Published By: Bonnier Books
Pages: 400
Released On: 09/06/2022
When Libby Nicholls arrives in London, broken-hearted and with her life in tatters, the first person she meets on the bus is elderly pensioner Frank. He tells her about the time in 1962 he met a girl on the number 88 bus with beautiful red hair just like her own. They made plans for a date, but Frank lost the ticket with her number written on it. For the past sixty years, he’s ridden the same bus trying to find her.
Libby is inspired by the story and, with the help of an unlikely companion, she makes it her mission to continue Frank’s search. As she begins to open her guarded heart to strangers and new connections, Libby’s tightly controlled world expands. But with Frank’s dementia progressing quickly, their chance of finding the girl on the 88 bus is slipping away . . .
More than anything, Libby wants Frank to see his lost love one more time. But their quest also shows Libby just how important it is to embrace her own chance for happiness – before it’s too late.
*****
Thanks to NetGalley and Bonnier Books for the advanced copy of this title in return for an honest review.

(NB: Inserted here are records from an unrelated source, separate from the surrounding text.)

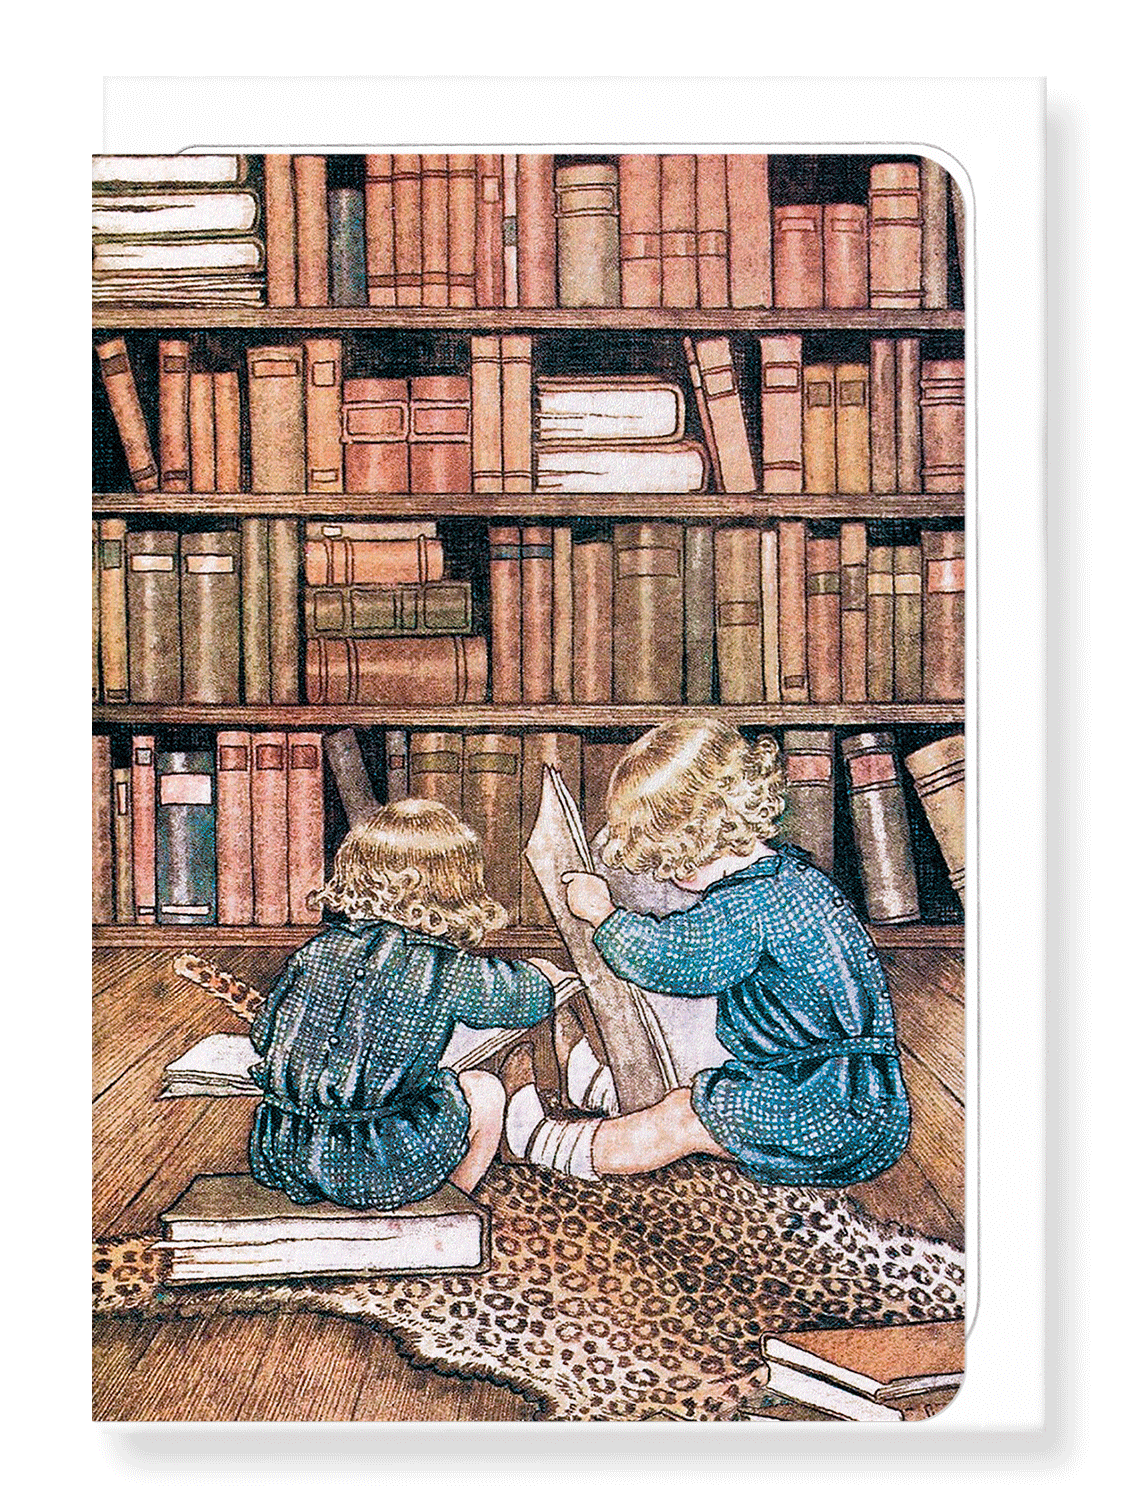 Ezen Designs - Bookworms by outhwaite - Greeting Card - Front
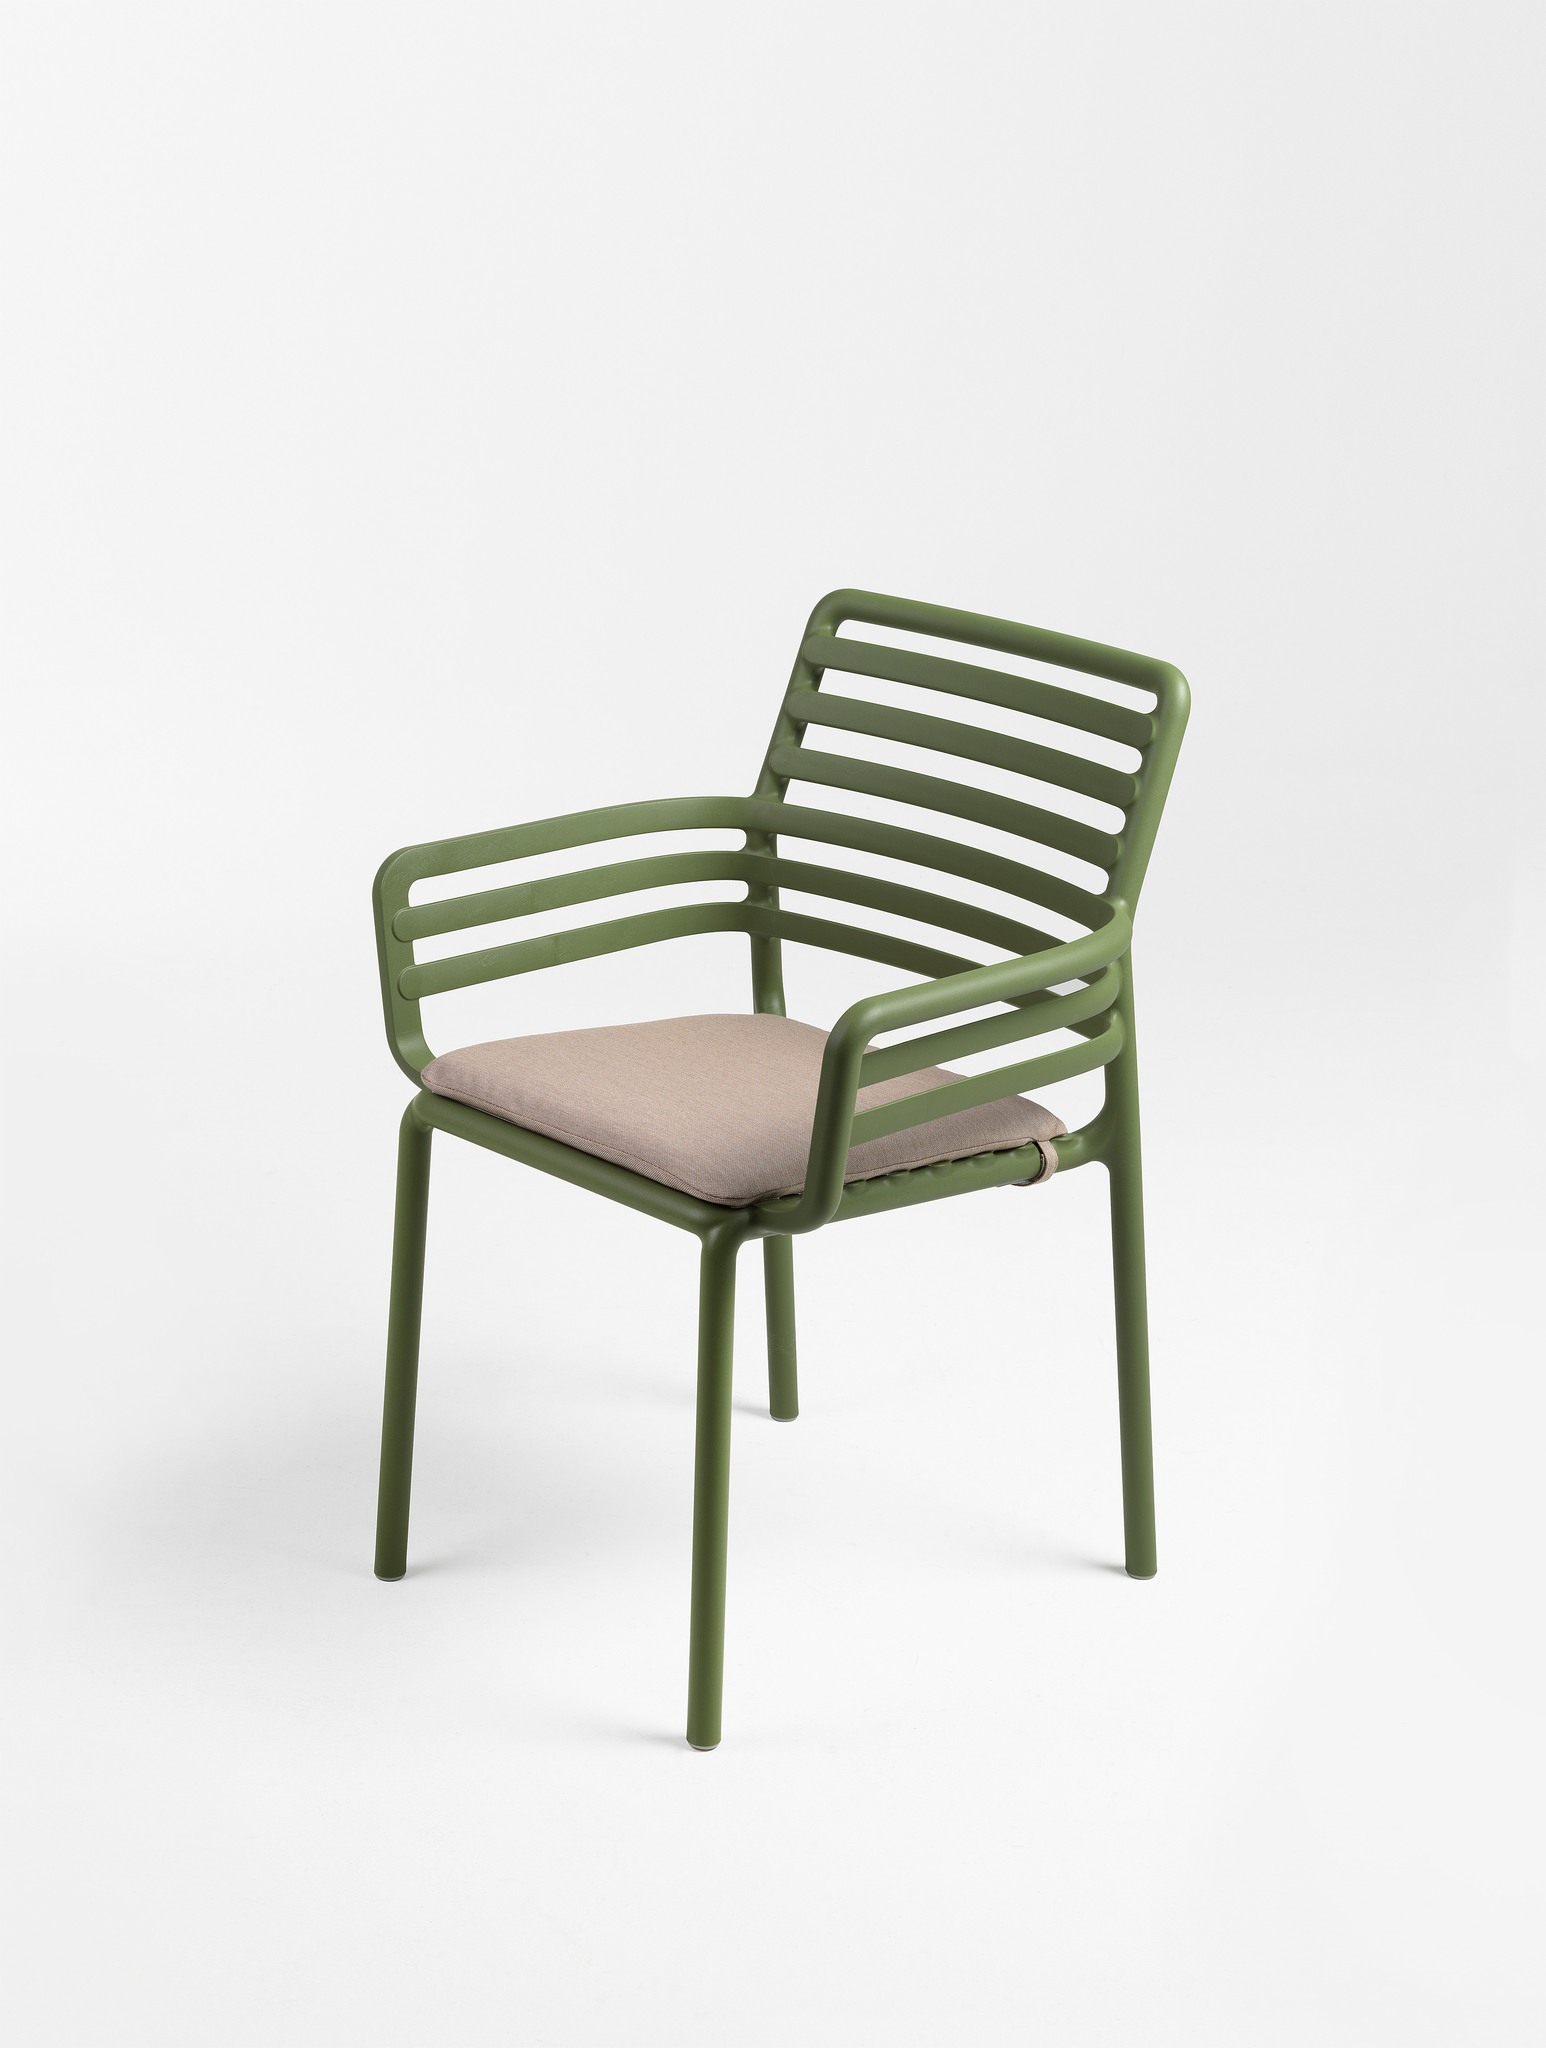 Fresh, light and ergonomic, Nardi Doga Armchair is for outdoor use and made of fiberglass resin. It is inspired by a sla... » Outdoor Furniture Fuengirola, Costa Del Sol, Spain
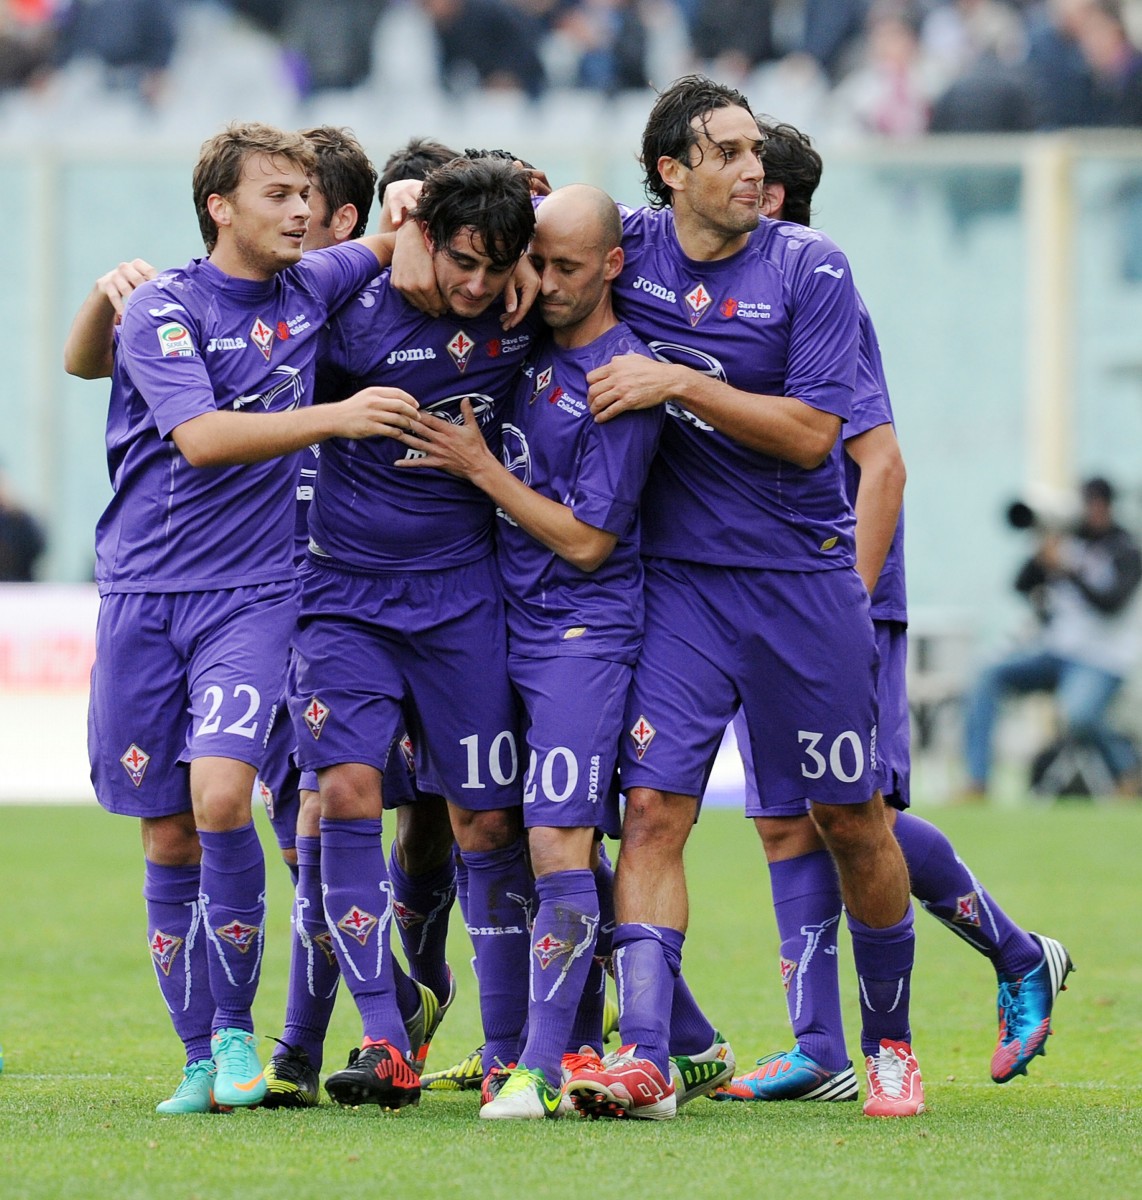 Alberto Aquilani (No. 10) is congratulated by teammates against Atalanta on Sunday at Artemio Franchi Stadium in Florence, Italy. He was the hero with two goals and an assist. (Giuseppe Bellini/Getty Images) 
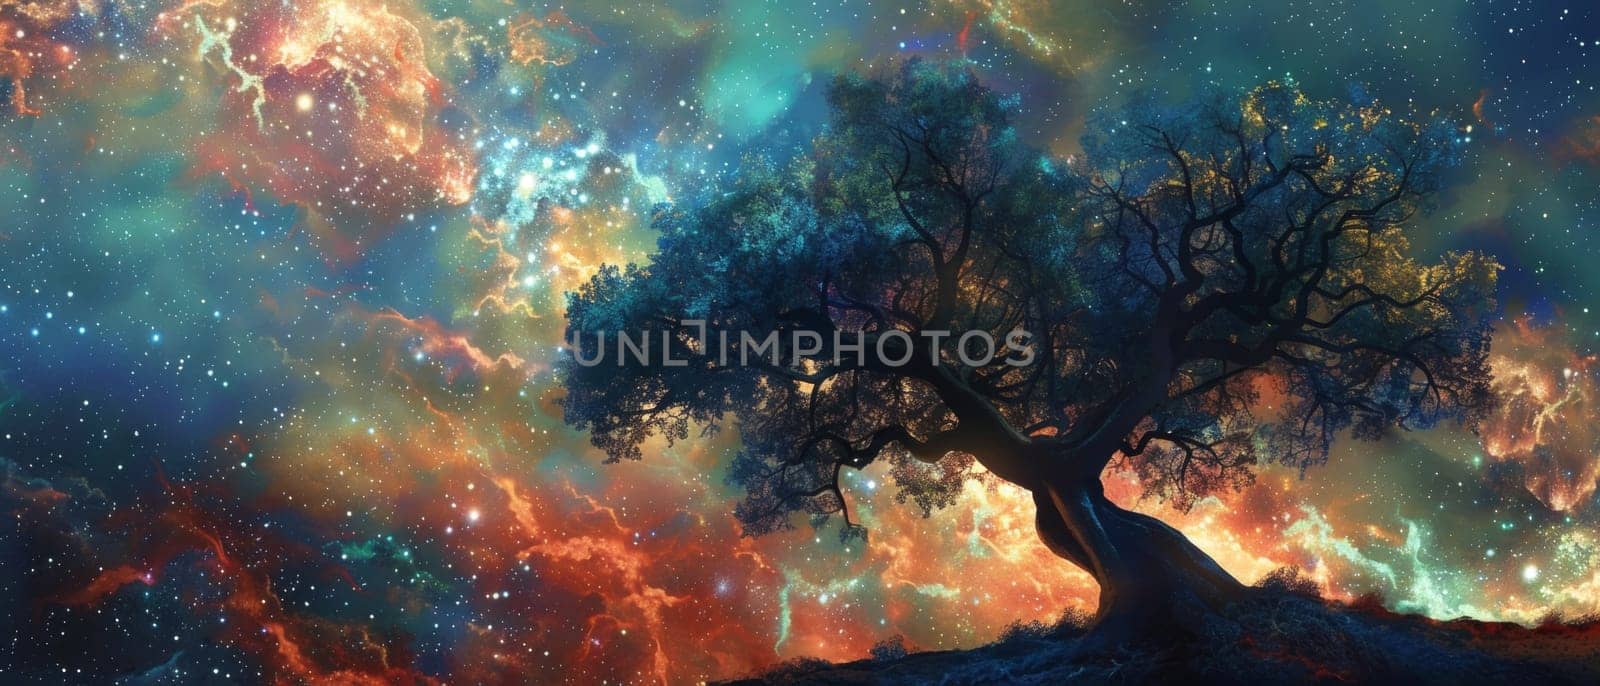 An awe-inspiring celestial nightscape showcases a majestic tree amidst a riot of interstellar colors and cosmic light. by sfinks
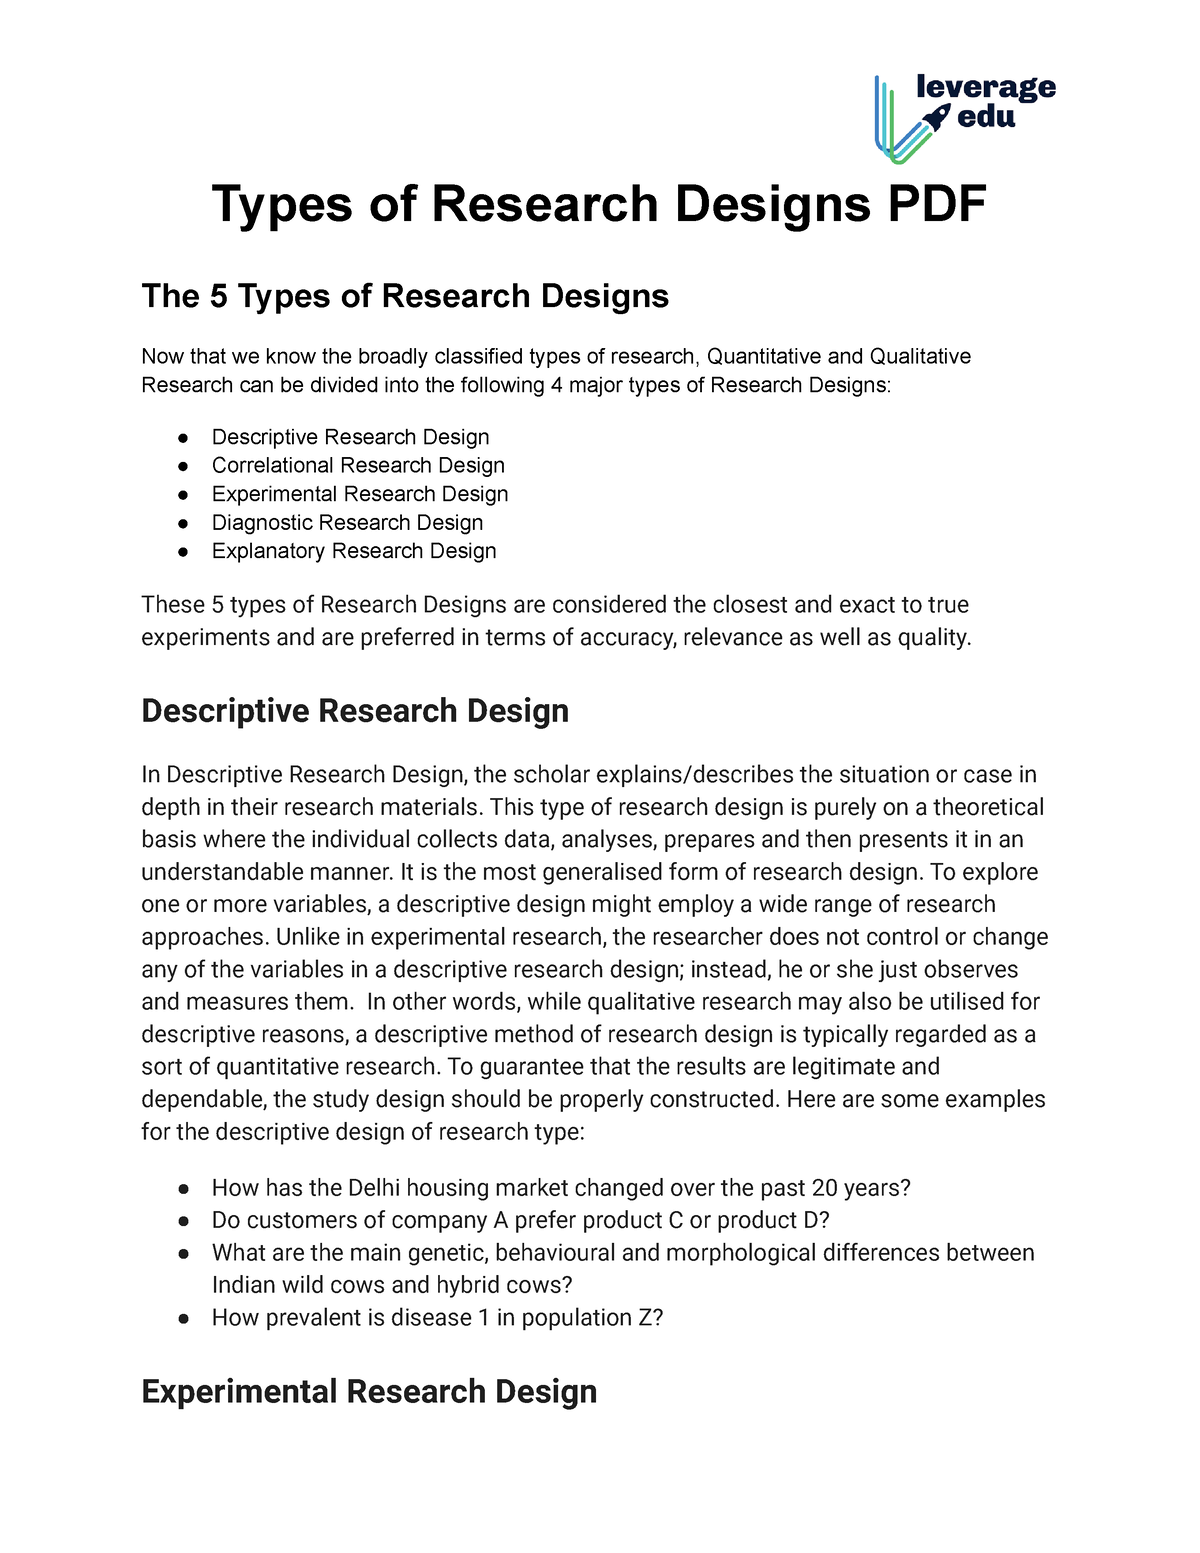 what is a research design pdf 2020

This is such a wonderful book I read it all in one sitting, I just couldn’t bear to part with the characters and the world Freya Sampson had created. It’s such a normal, everyday world, but with an added spark. There’s a warmth to the story, to the characters, to their journey that you can’t help but be pulled into.
This is Freya’s second book (I haven’t read her first) and yet it feels like it’s something she has been honing for years; the writing is glorious. She is definitely going to be an author I keep my eye on in the future.
Most of the action is set in London, a city I know reasonably well seeing as I live a 20-minute train ride away, but she’s depicted it so well that it feels like a different world. I’ve been to Piccadilly Circus, I’ve been to the art galleries, and yet I have never seen them in the light Freya has created here.
Frank is possibly one of the cutest fictional characters I’ve come across. He’s got his problems but his whole life has been focussed on finding the woman he fell in love with sixty years ago. In another author’s hands, this might have sounded a bit creepy, but there’s a tenderness here. Freya has hit the right balance between believable and sweet. There’s an old-fashioned quality about Frank; he reminds me of the way people used to talk about gentlemen in the early-mid 1900’s. He’s charismatic and kind and loving and sincerely hopeful. The main character of Libby is very well written too. I identified with her on so many levels, and she coped with so many things being thrown at her, juggling so many different plates that she’s a very inspiring character. There’s a cast of supporting characters such as Dylan (the caring but closed-off punk), Rebecca (her perfectly polished sister), Pauline (her overbearing and controlling mother), Simon (her meddling ex), Hector (her energetic but loving nephew) and a whole lot more besides; some have small parts and others have large, but they all perfectly compliment Libby and Frank’s story.
This has caused the very definition of a book hangover. I have so many other books waiting to be picked up and read, but I’m not quite ready to leave the world that Freya has created. It’s a love story, a rom-com but with a difference. It’s got so many layers to it that it entertains you, fills you with joy, makes you think, makes you cry, and overall, makes you happy and fills you with hope.